Chapter 8. Organized Crime in Cyberspace

Card: I need guarantees.

Card: what if you change the pass and don’t give any info? I’ve been on the *** several years now. It’s a resource for carders.

7: I know, I am on there, too.

7: if you take my info into account and work a little, you can get a lot more money.

Card: I see.

7: I just think it’s a pretty dangerous thing—there are some big guys behind this money—they don’t ask who you are and why you are doing this. They’ll just break both your arms.

English translation of ICQ discussion between two hackers negotiating a fee for stolen card data.

Whether you think the Russian mafia or the Chinese Triads are involved in cyber attacks really depends on how closely you align cyber crime with other forms of cyber conflict. As I stated earlier, I believe that no such distinction should exist. Cyber crime is perpetrated by an attack on a network, just as is done in acts of cyber espionage or computer network exploitation (CNE). The malware used to gain access to backend databases is the same. In many cases, the same hackers are involved in cyber crime and geopolitical attacks on foreign government websites, as is the case with one of the two hackers quoted above.

The hacker identified as “7” was also a member of the StopGeorgia.ru forum, albeit under a different alias, and directly participated in attacks on Georgian government websites. 7 is also the one who inferred the involvement of the Russian mafia in underground cyber transactions such as the one from which that quote came (i.e., “...there are some big guys behind this money—they don’t ask who you are and why you are doing this. They’ll just break both your arms.”).

Assassination in the Russian Federation is a very real threat, and US intelligence agencies believe that elements of Russian organized crime have infiltrated the police force. That is why, the argument goes, so many assassinations remain unsolved.

US law enforcement and intelligence agencies have been investigating Russian organized crime since the 1990s.
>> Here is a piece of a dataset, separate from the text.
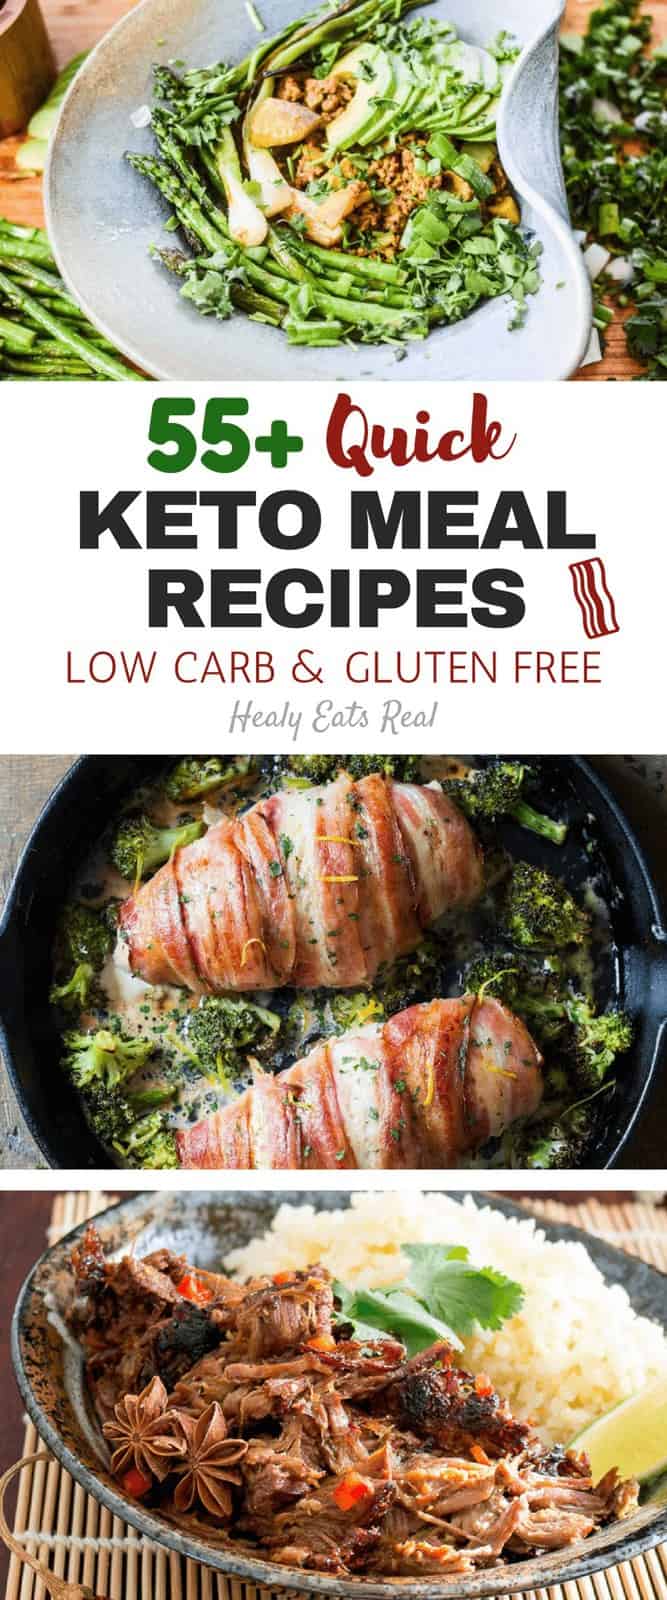 55+ Quick Keto Meal Recipes (Low Carb & Gluten Free)

According to one of my contact’s at one of the three-letter agencies, they were making some excellent progress in establishing links between members of organized crime and Russia’s political leadership.

Once 9/11 happened, that research was halted, as everyone was transferred to counter-terrorism, which pretty much dominated things until 2007.

2007 was the year that the Russian Business Network (RBN) rose to prominence as a high-profit, low-risk criminal enterprise selling “bulletproof” services to anyone willing to pay its fee. Its business model of earning high profits with almost zero risk of being caught made the RBN the darling of the Russian underworld.

Then, in November 2007, the RBN seemed to vanish (Figure 8-1).

06 NOV 07 drop in traffic at AS40989

Figure 8-1. 06 NOV 07 drop in traffic at AS40989

One thing that organized crime has always shied away from is the spotlight of media attention, and the RBN was getting a lot of it. One of the reporters responsible for penning story after story on their antics was Brian Krebs of the Washington Post. On October 13, 2007, three separate articles appeared on the Post’s Security Fix blog, written by Krebs.

Krebs’s first article appeared in the main section of the Post, where he described the role of the RBN as a criminal services provider, referring to at what the time were recently published reports from Internet security firms Verisign, Symantec, and SecureWorks.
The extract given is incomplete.